Richi suggested an alternative approach involving narrower types and
then a zero-extend to the actual mask type. This solved the problem for
the specific test case that I had, but I'm not sure if it would work
with V2 and V4 modes (not that I've observed bad behaviour from them
anyway, but still). There were some other caveats involving "two-lane
division" that I don't fully understand, so I went with the simpler
implementation.
This patch does have the disadvantage of an additional "and" instruction
in the non-constant case even for machines that don't need it.
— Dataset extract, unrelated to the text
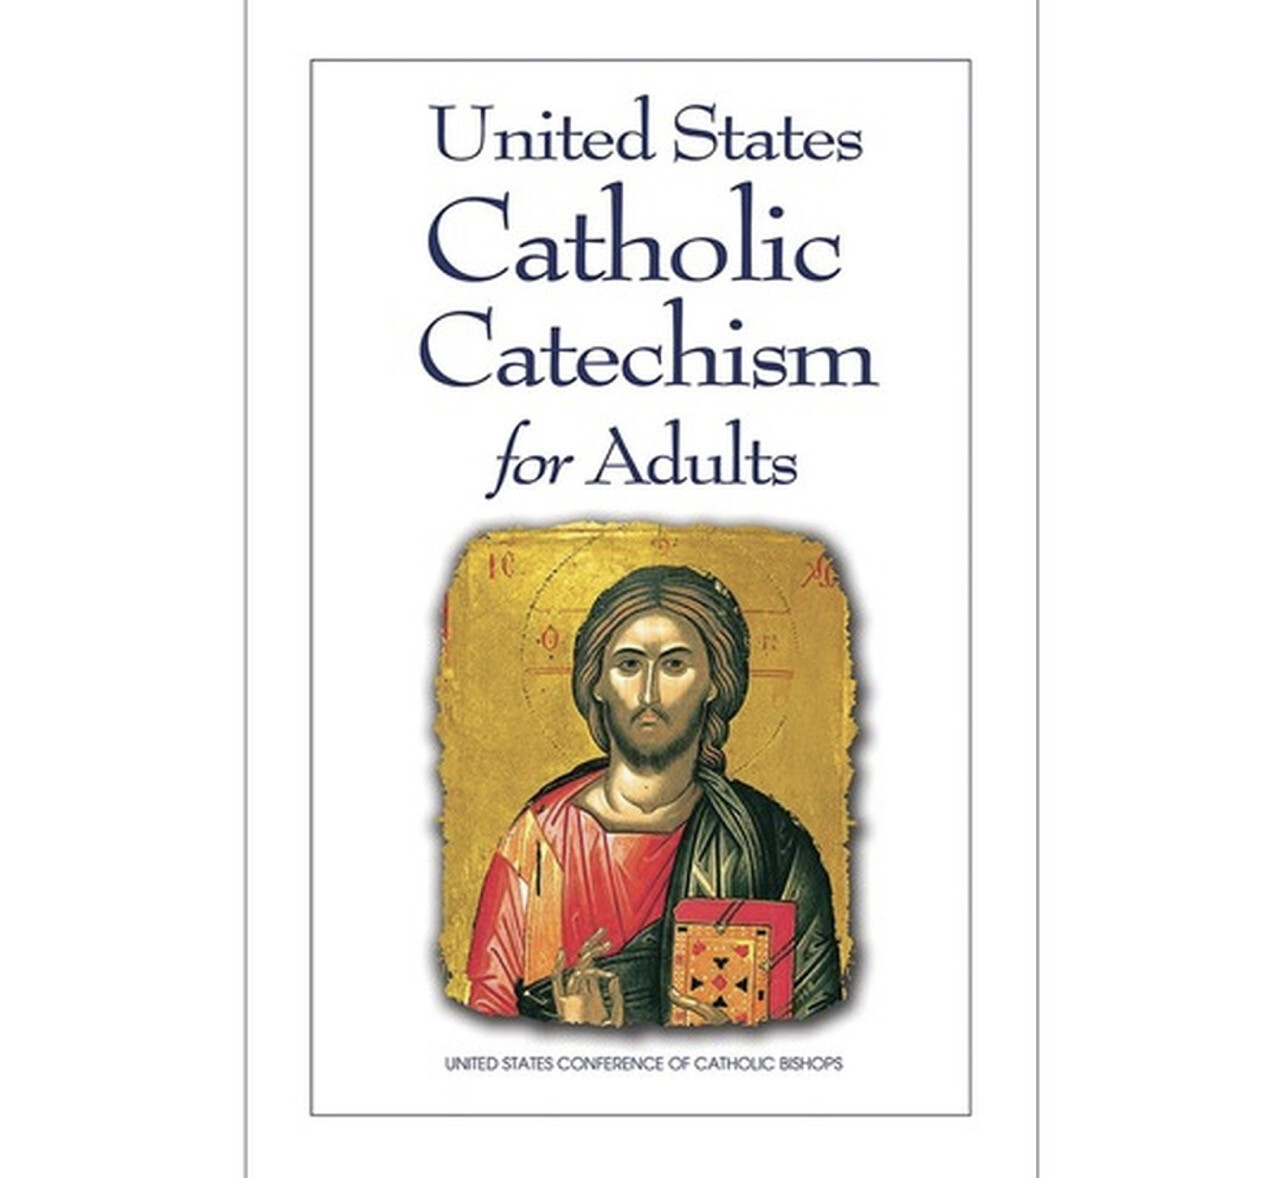 United States Catholic Catechism for Adults - Revised Edition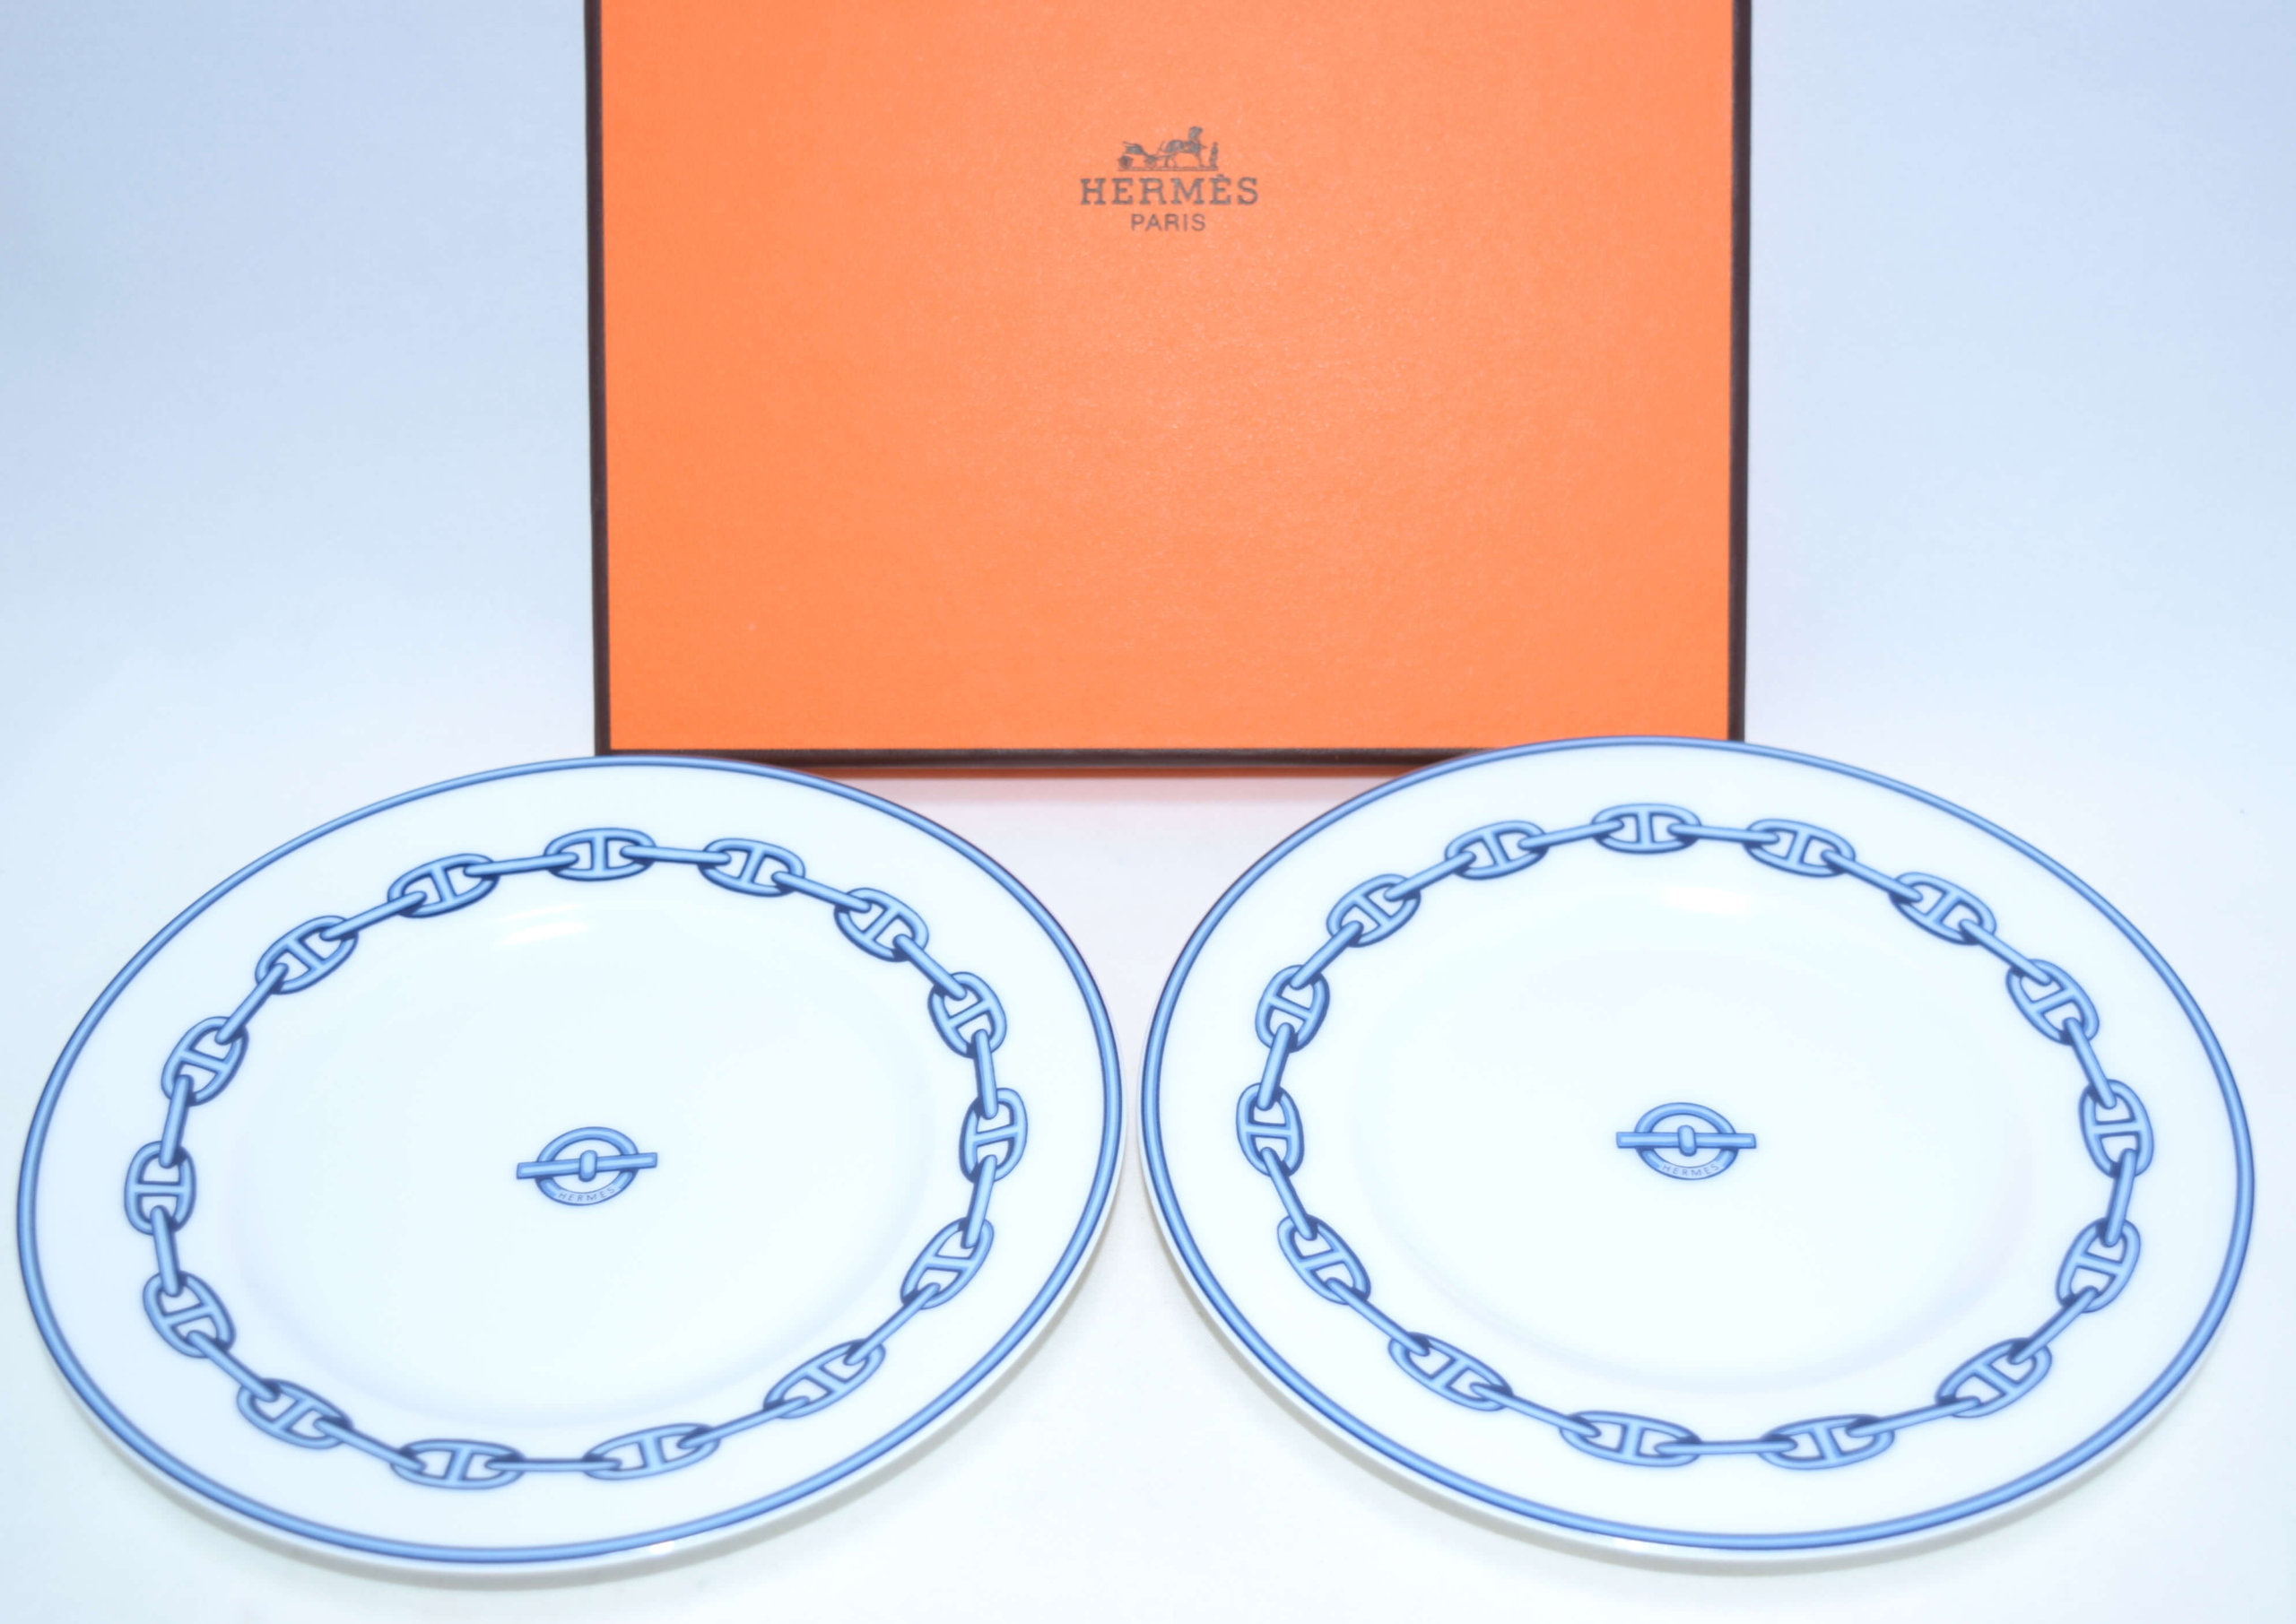 VINTAGE HERMES PARIS CHAIN D'ANCRE TRINKET TRAY WITH BOX

I'm not
sure how to fix that without an additional target hook. (If GCC could
use the 64-lane vectors more effectively without the assistance of
artificially reduced sizes then this problem wouldn't exist.)
OK to commit?
Andrew
vect: Don't set excess bits in unform masks
AVX ignores any excess bits in the mask, but AMD GCN magically uses a larger
vector than was intended (the smaller sizes are "fake"), leading to wrong-code.
gcc/ChangeLog:
* expr.cc (store_constructor): Add "and" operation to uniform mask
generation.
diff --git a/gcc/expr.cc b/gcc/expr.cc
index 4220cbd9f8f..fb4609f616e 100644
--- a/gcc/expr.cc
+++ b/gcc/expr.cc
@@ -7440,7 +7440,7 @@ store_constructor (tree exp, rtx target, int cleared,
poly_int64 size,
break;
}
/* Use sign-extension for uniform boolean vectors with
- integer modes. */
+ integer modes. Effectively "vec_duplicate" for bitmasks. */
if (!TREE_SIDE_EFFECTS (exp)
&& VECTOR_BOOLEAN_TYPE_P (type)
&& SCALAR_INT_MODE_P (mode)
@@ -7449,7 +7449,21 @@ store_constructor (tree exp, rtx target, int cleared,
poly_int64 size,
{
rtx op0 = force_reg (TYPE_MODE (TREE_TYPE (elt)),
expand_normal (elt));
- convert_move (target, op0, 0);
+ rtx tmp = gen_reg_rtx (mode);
+ convert_move (tmp, op0, 0);
+
+ if (known_ne (TYPE_VECTOR_SUBPARTS (type),
+ GET_MODE_PRECISION (mode)))
+ {
+ /* Ensure no excess bits are set.
+ GCN needs this, AVX does not. */
+ expand_binop (mode, and_optab, tmp,
+ GEN_INT ((1 << (TYPE_VECTOR_SUBPARTS (type)
+ .to_constant())) - 1),
+ target, true, OPTAB_DIRECT);
+ }
+ else
+ emit_move_insn (target, tmp);
break;
}